Segment Start: Supplied information
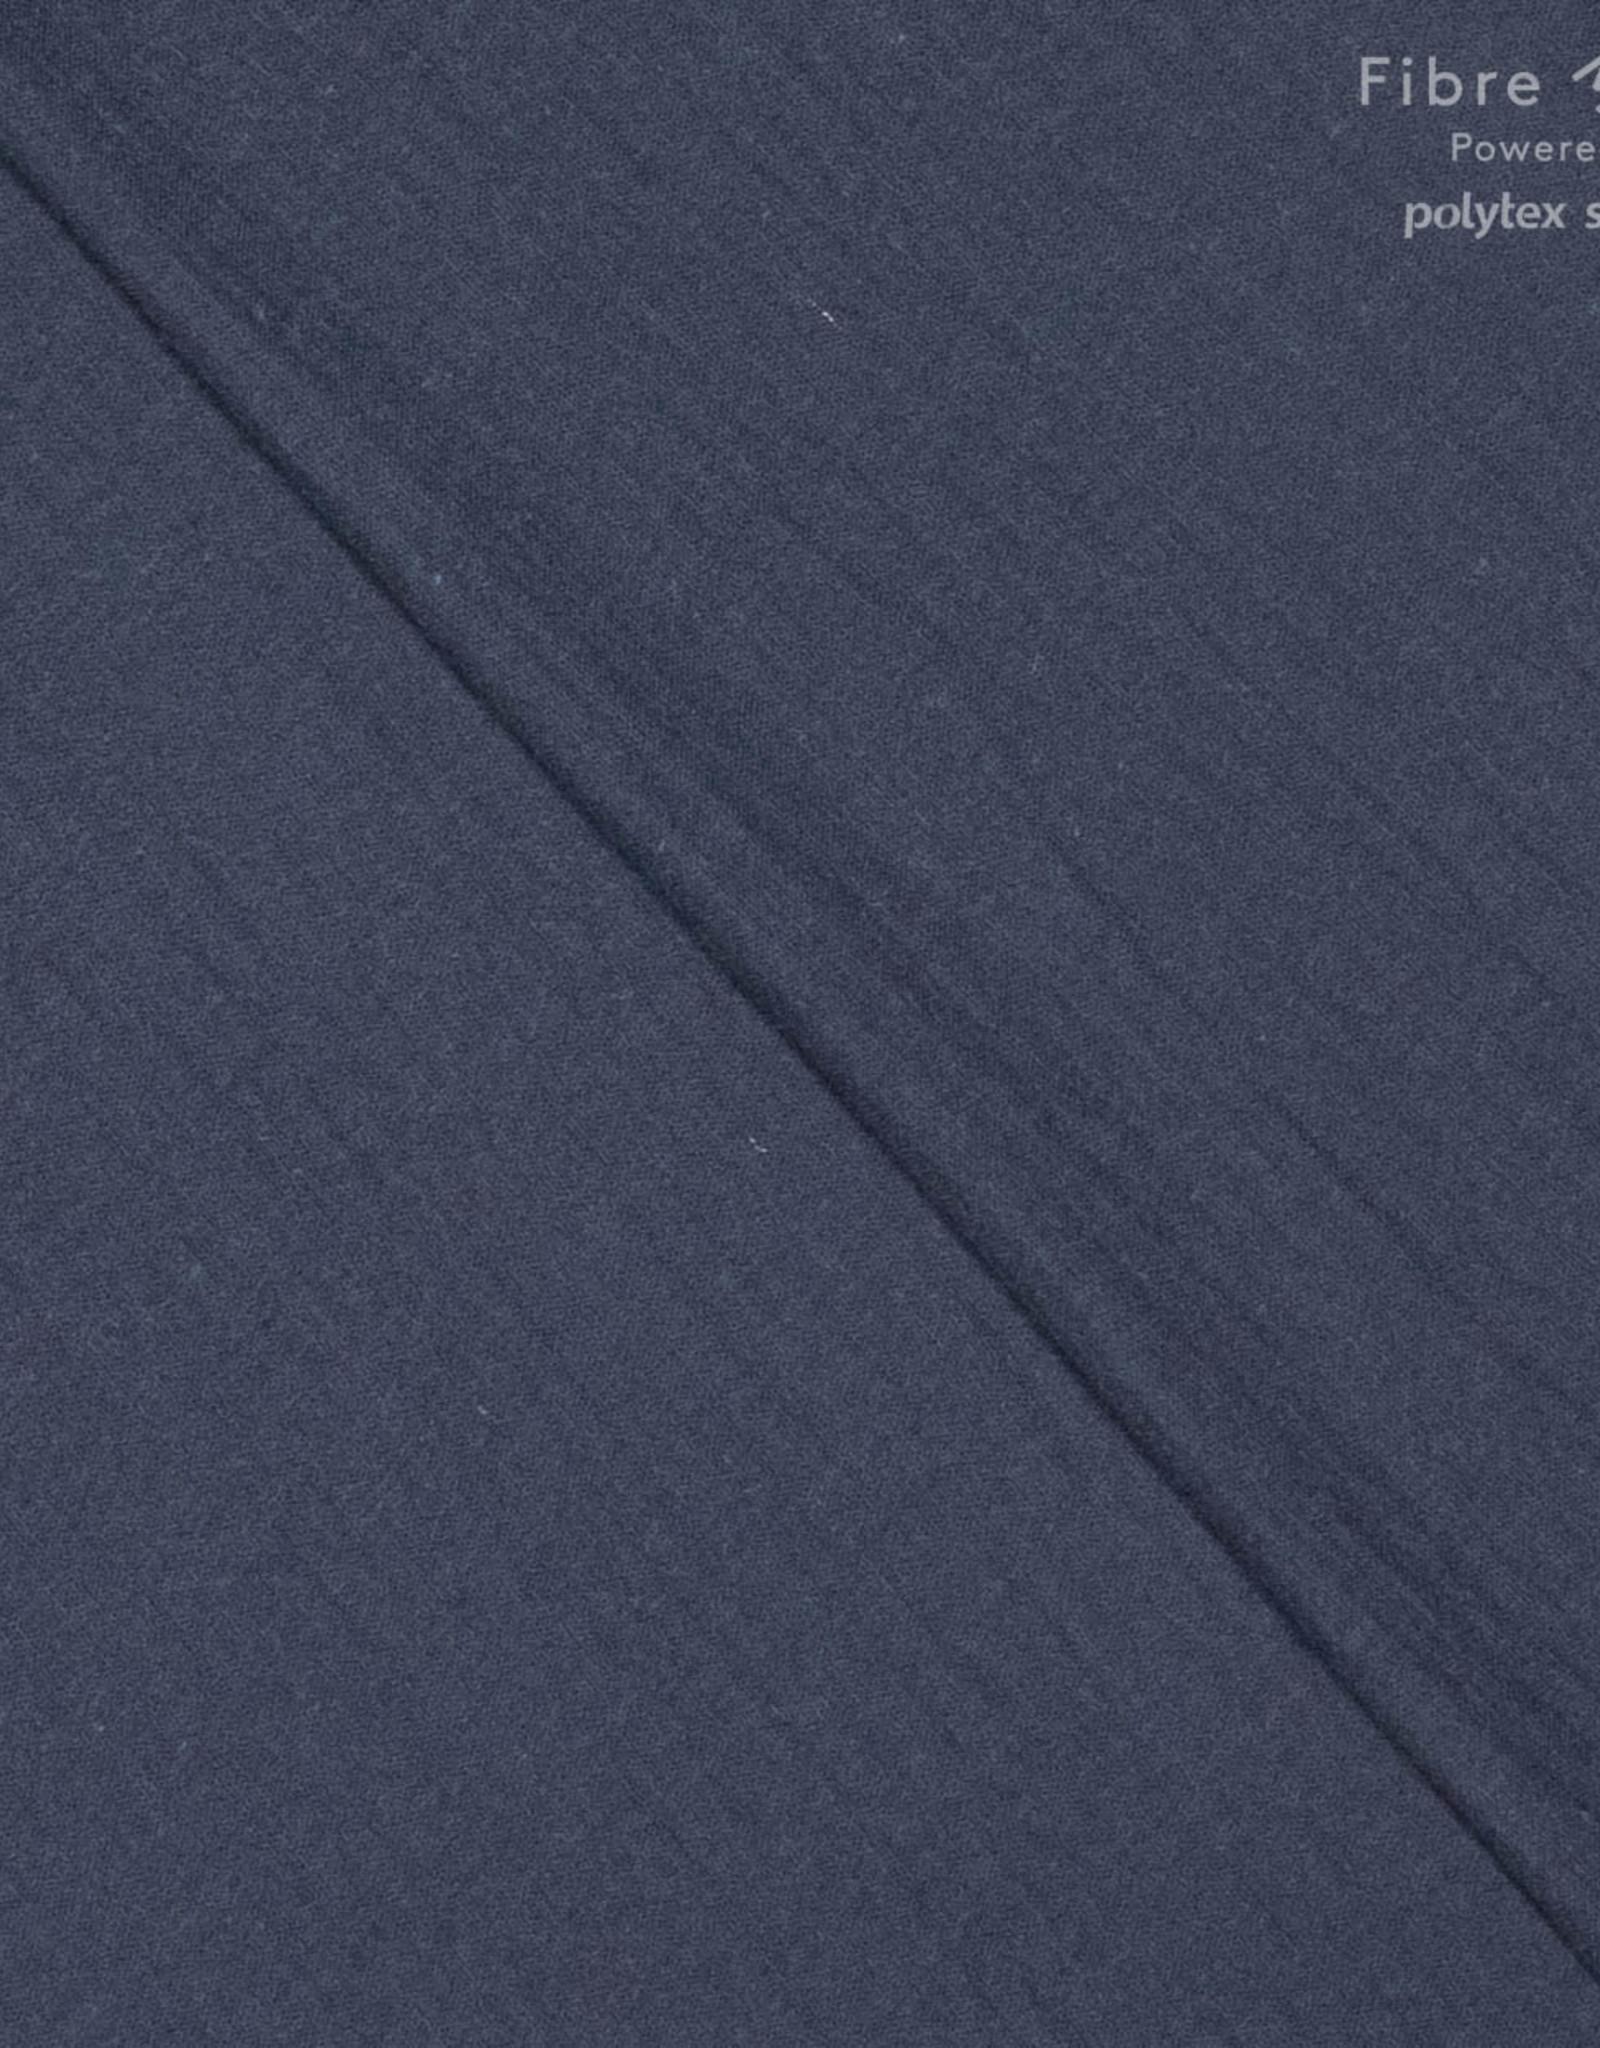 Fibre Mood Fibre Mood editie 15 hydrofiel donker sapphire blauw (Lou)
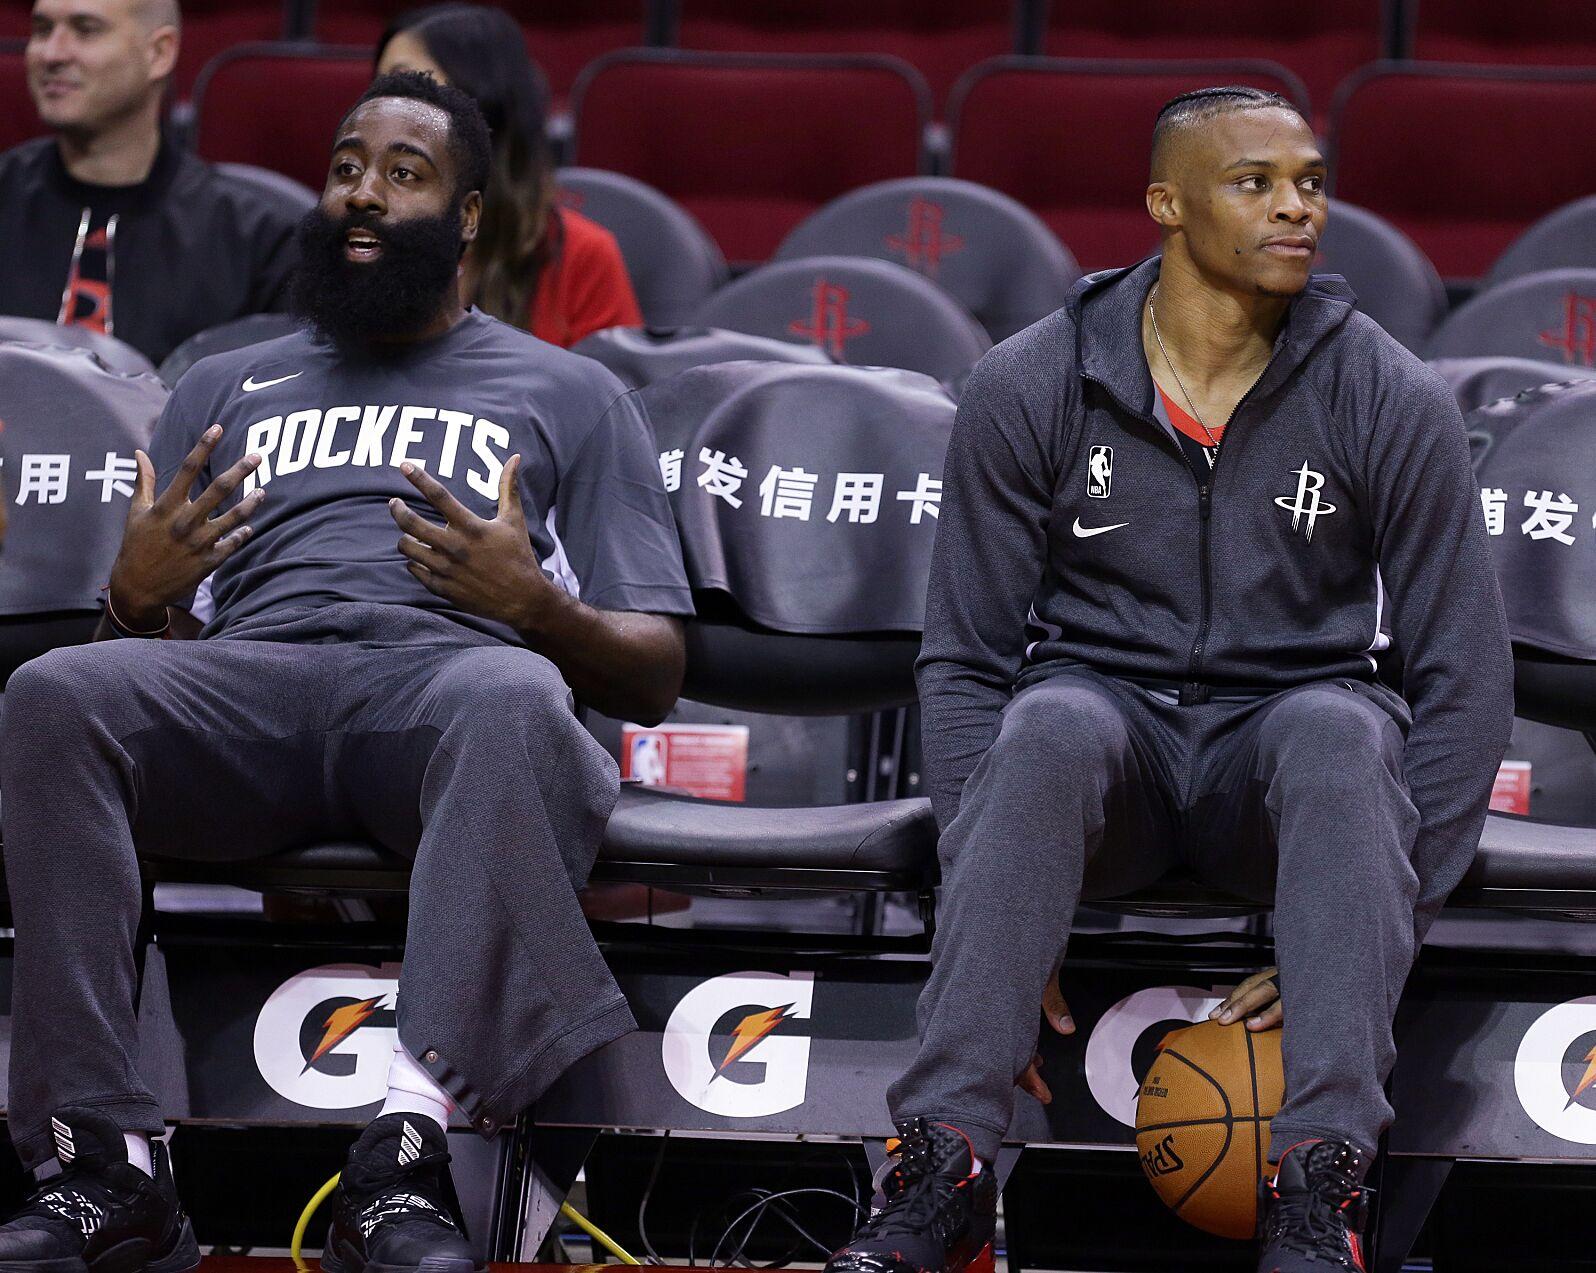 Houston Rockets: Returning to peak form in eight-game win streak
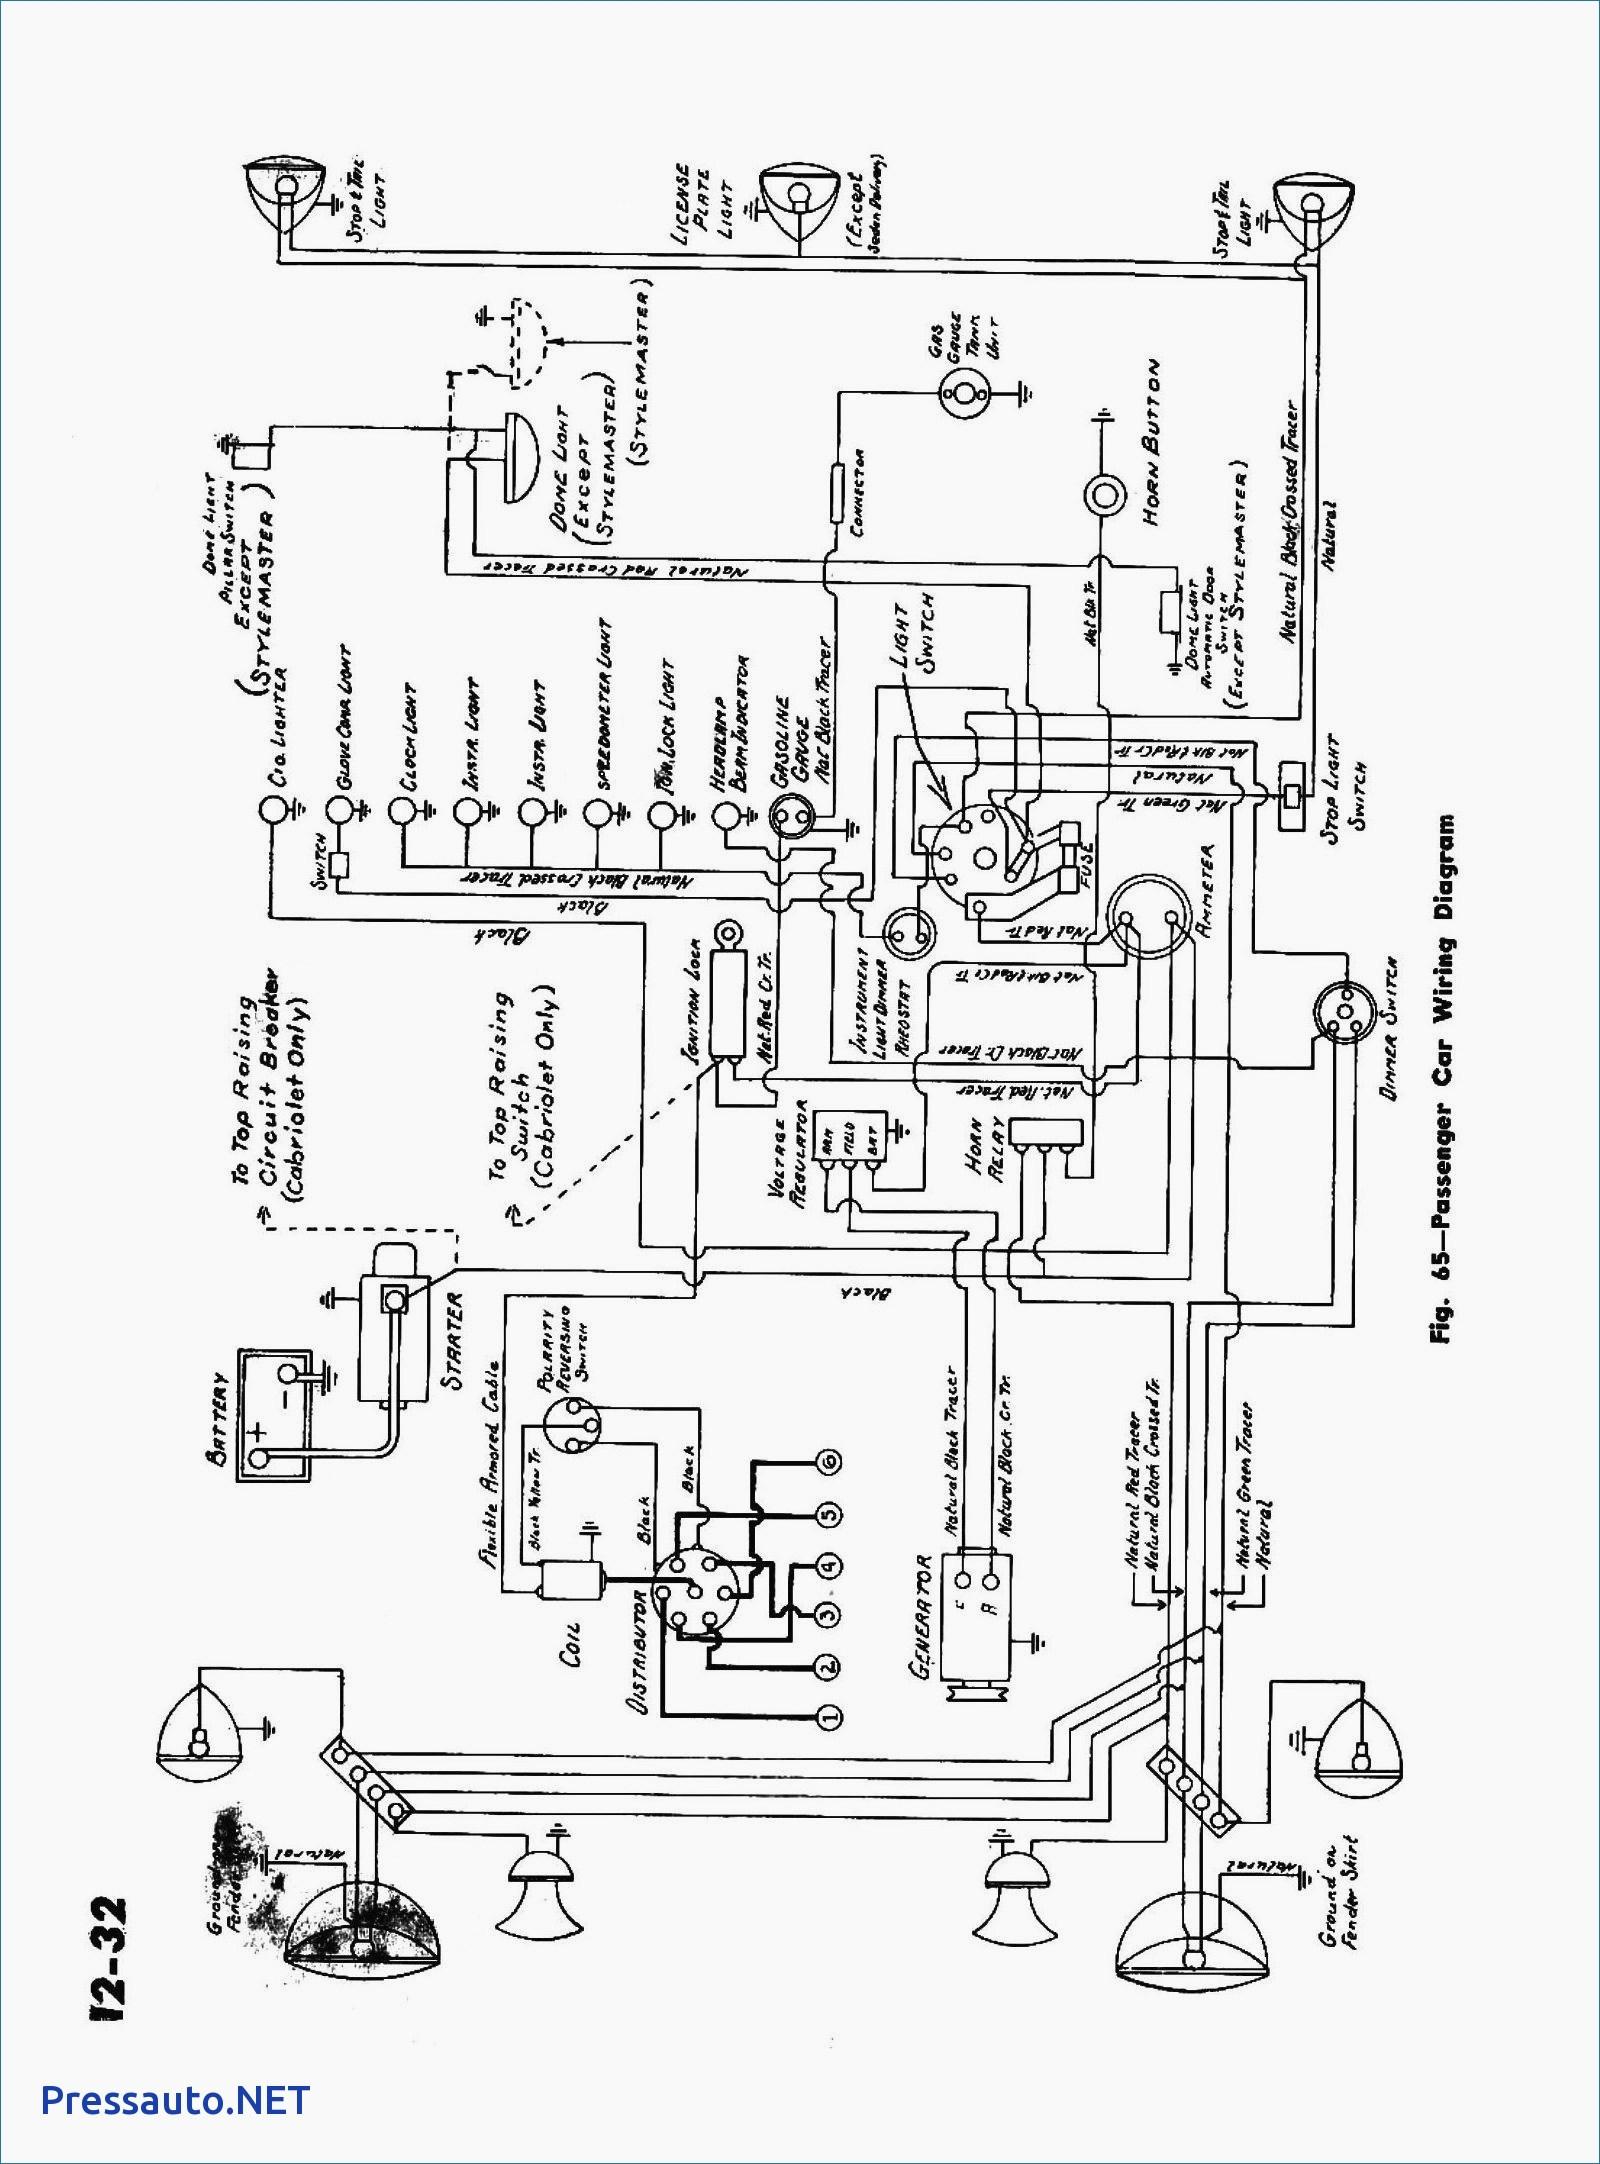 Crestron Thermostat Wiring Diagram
Segment End: Supplied information
Required work |
Output the line containing "Houston Rockets: Returning" along with every line after it to the end of the material, exactly as written, but without pictures.

The completed task |
 Houston Rockets: Returning to peak form in eight-game win streak
 Crestron Thermostat Wiring Diagram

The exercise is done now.